# Gen 2 17" wheels on Gen 1 Cruze



## PurdueCruze (Jun 24, 2014)

So for the past year and a half I've been running Sparco rims on my Cruze, but 2 of them were recently claimed by a pothole thanks to Indiana's great highways. :cussing:

Yesterday I ordered these 17" rims from the second gen Cruze to fit on my car (gen 1 ECO). I'll post update pictures to this thread when I mount them. 









I am considering having them powder coated black (the Sparco rims were black, car is black), what do you guys think?


----------



## EricSmit (Dec 21, 2016)

I like black wheels.


----------



## MP81 (Jul 20, 2015)

Black should look great.


----------



## evo77 (Sep 5, 2011)

All black...meh.

How about just keeping that cool dark grey finish?


----------



## PurdueCruze (Jun 24, 2014)

Here is a crappy snapchat picture of the new rims. 

Pretty happy with them! They are much darker than they appear on the Chevy Accessories website, I was expecting a brighter aluminum finish. 

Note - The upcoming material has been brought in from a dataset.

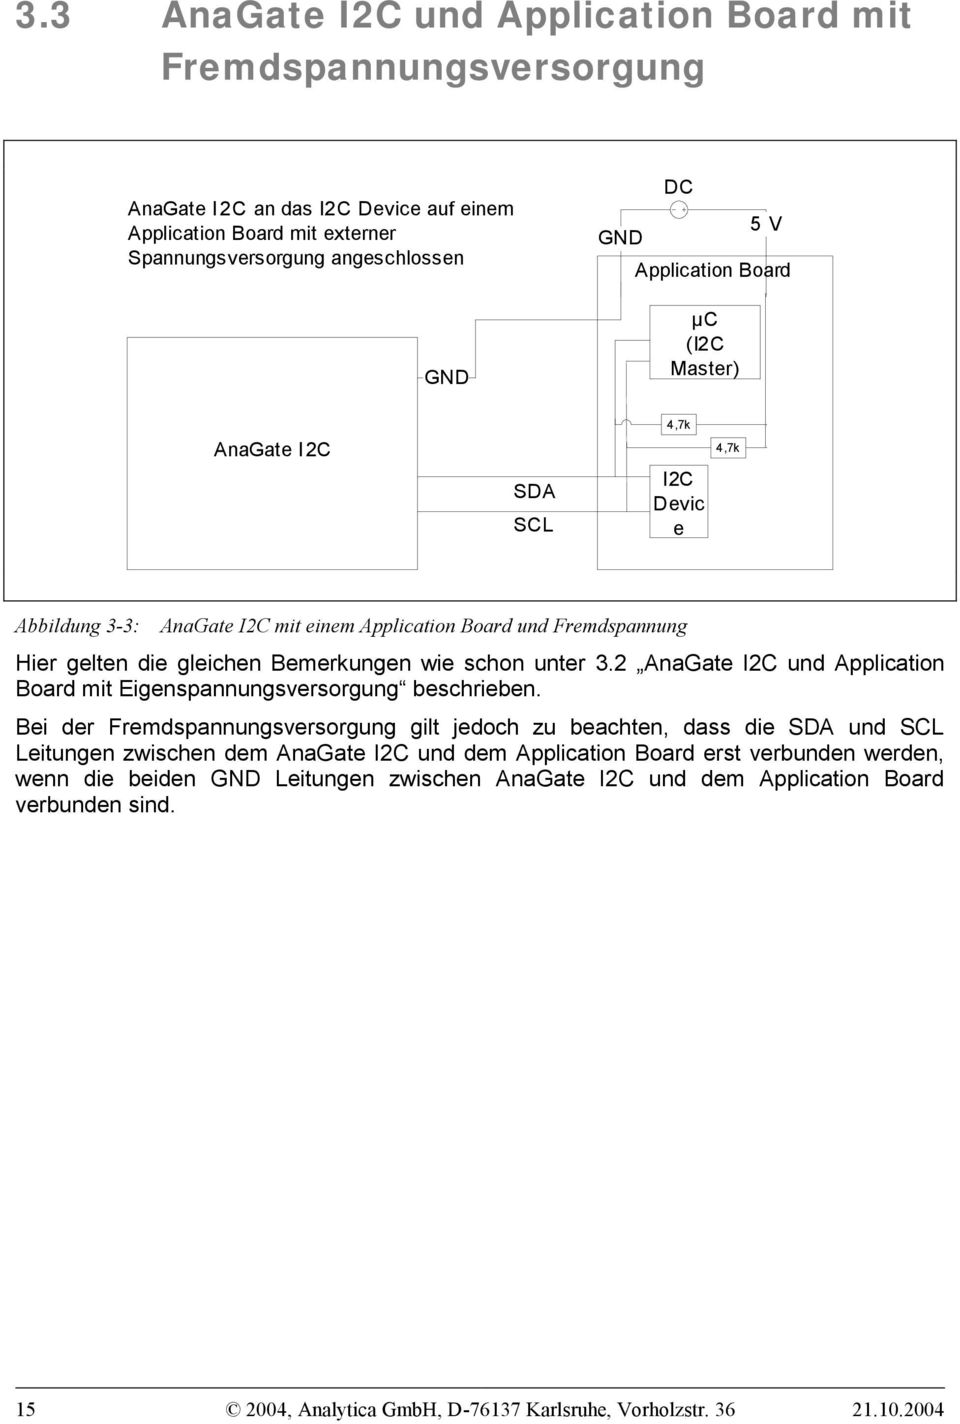 2 AnaGate I2C und Application Board mit Eigenspannungsversorgung beschrieben.

I miss the all black look but I think I'll keep them as is.


----------



## EricSmit (Dec 21, 2016)

Those look phenomenal.


----------



## sparkman (Oct 15, 2015)

Whoa, those actually look awesome. I would keep it as it is too, because that is certainly eye catching.


----------



## MP81 (Jul 20, 2015)

Woah - love it.


----------



## Blancmange (Jan 9, 2013)

That looks great! Leave them as they are!


----------



## evo77 (Sep 5, 2011)

They look awesome! Nice job!

Don't you dare change the finish on those beauties!


----------



## PurdueCruze (Jun 24, 2014)

Thanks all! I promise I won't mess them up haha.


----------